EUR/USD spot: 1.0771
Support: 1.0720, 1.0680, 1.0625
Resistance: 1.0795, 1.0825, 1.0960
Strategy:
The Dollar fell the most in five months as European politics and a slightly less hawkish Fed statement caused USD bulls to liquidate positions.
In Dutch elections, the right-wing populist Geert Wilders fell short of expectations. The risk of a move towards protectionism is now seen as dissipating which is positive for the Euro. The Fed raised rates as expected, but did not hint at accelerating the tightening cycle which traders were anticipating. This left dollar bulls with little reason to hold onto long positions in the short term. Euro rallies have been driven by the fact the nearly all sentiment indicators indicate the market is long Dollars and short Euro, while the news flow has done little to support this view.
There is very little scheduled news or data flow of significance on the horizon, though there are a number of announcements that could be made at any time. Markets will be looking for the UK Prime Minister to trigger article 50 beginning the formal Brexit process. In the US news on budget, tax and healthcare issues could impact the USD at any time.
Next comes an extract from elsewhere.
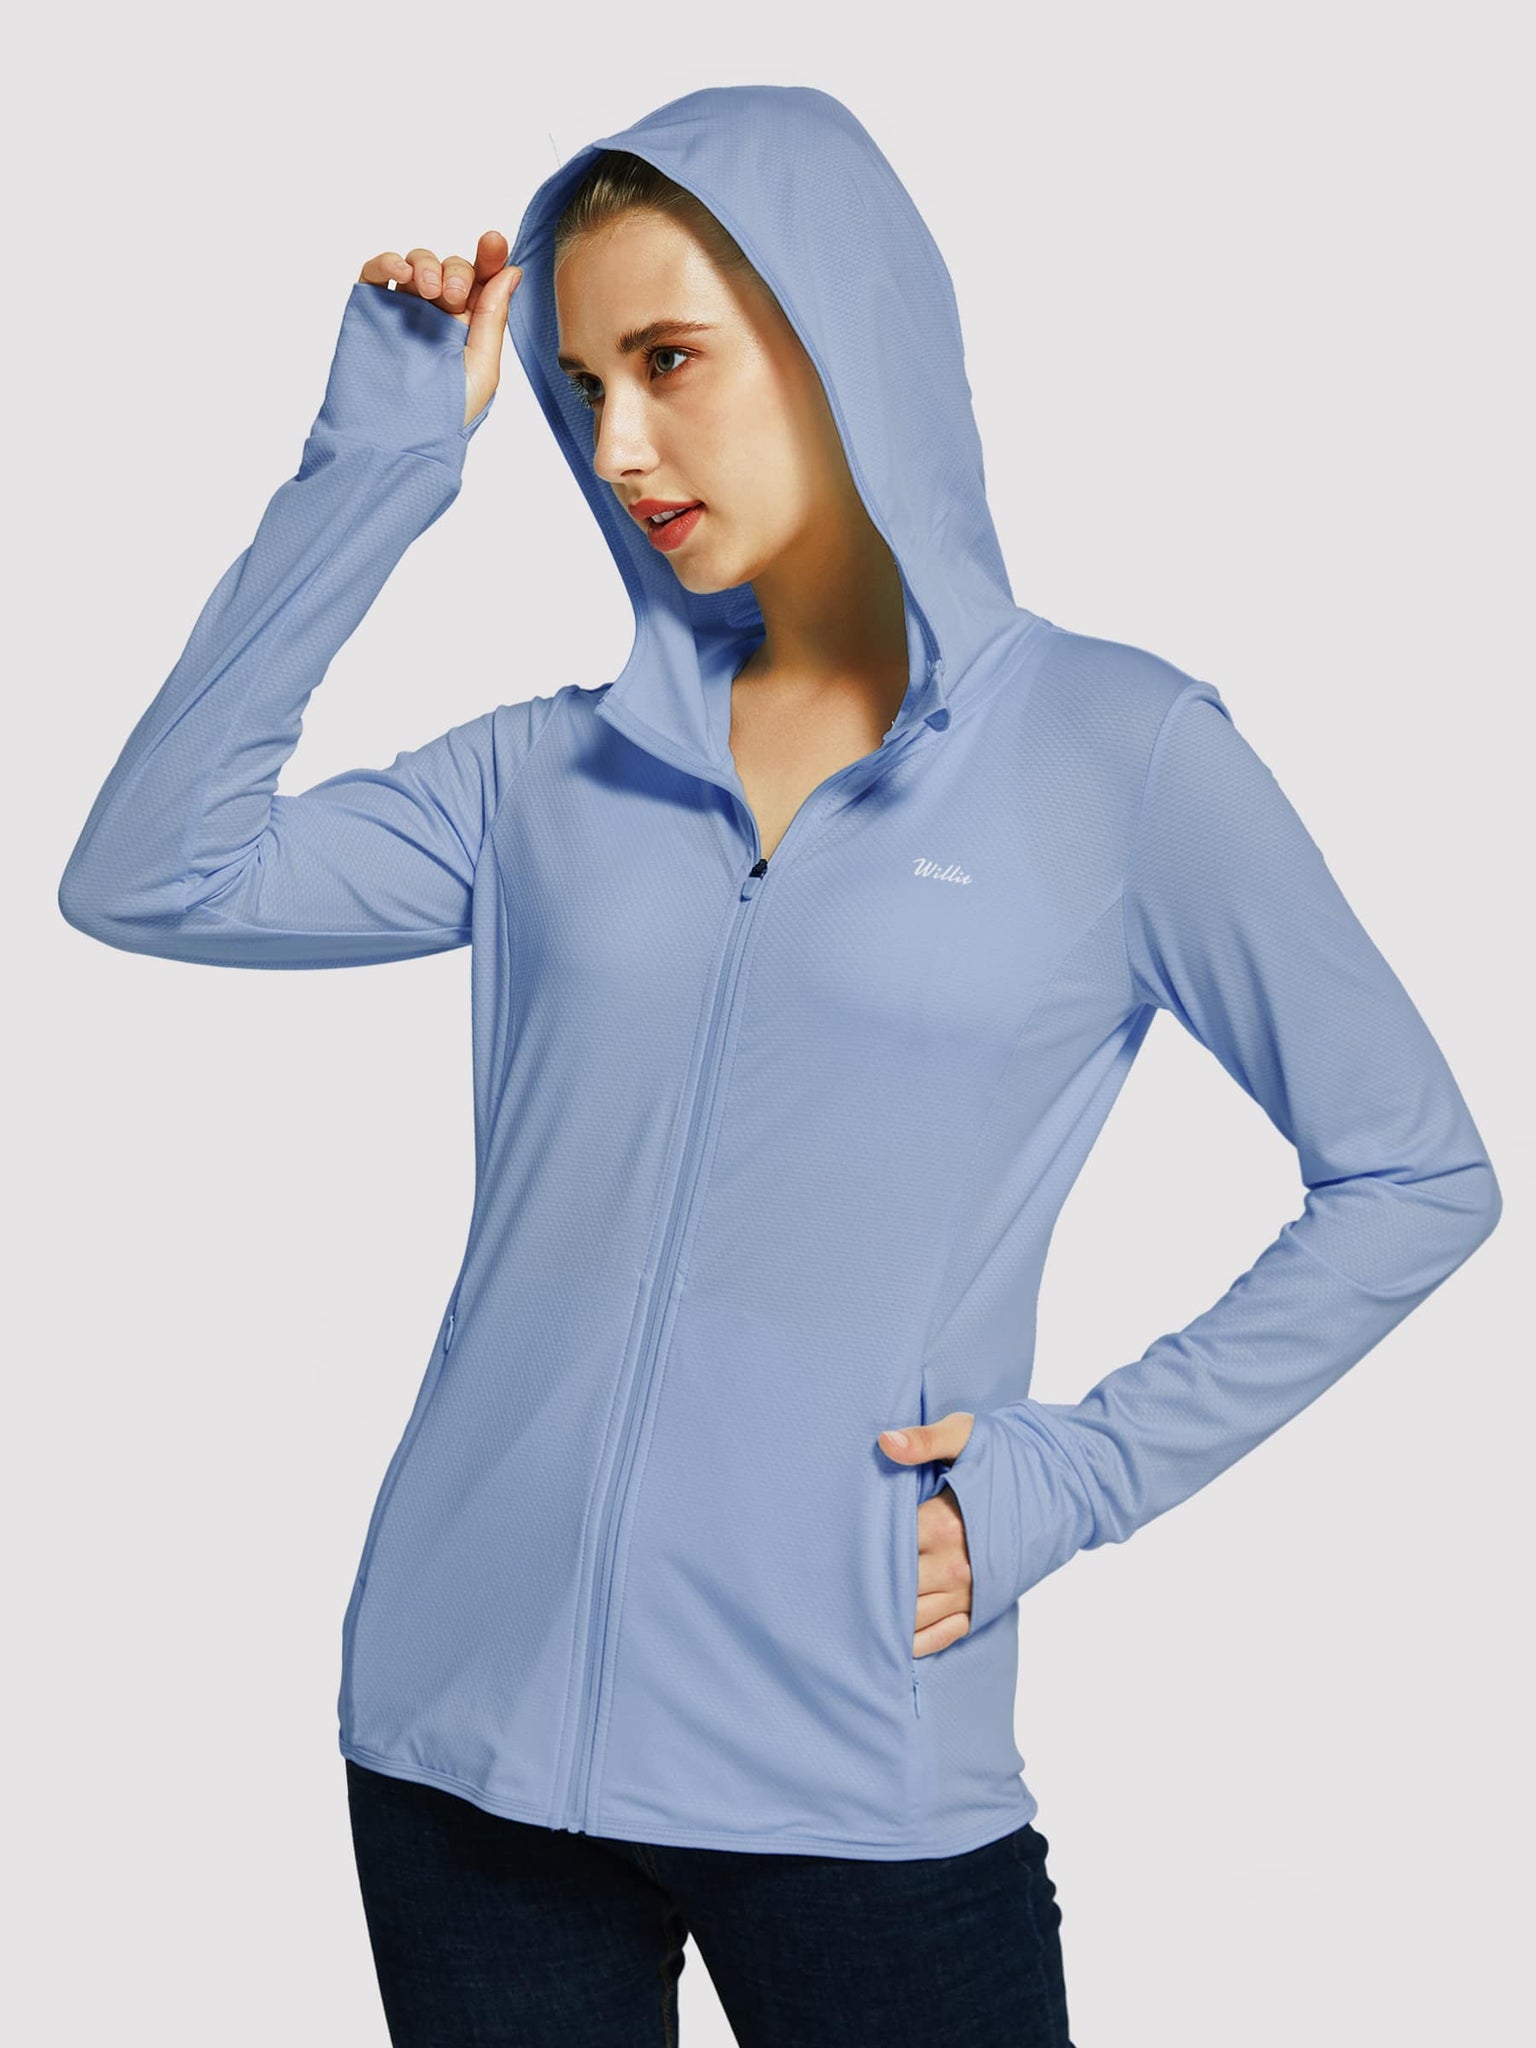 Willit Men's UPF 50+ Sun Protection Hoodie Shirt Long Sleeve SPF Fishing Outdoor UV Shirt Hiking Lightweight Blue L

On the longer-term charts, the Euro is overbought, close to resistance, and likely to fall back toward 1.05. The possibility of a move to parity is unlikely unless we see enough dollar bulls give up – the market is just too long of USD for such a big move. The 1.0825 level is the major level to watch for signs of further strength in the Euro, though this would require a shift in fundamentals.
EUR/USD Weekly chart
On the four-hour chart, the Euro is in a clear bull channel, with multiple resistance levels about to come into play. The 1.0795 level is the top of the channel, and the 1.0825 level is longer term horizontal resistance level. Aggressive traders can sell into strength using the 1.0825 level as a stop, while more cautious traders can wait for a reversal pattern to form.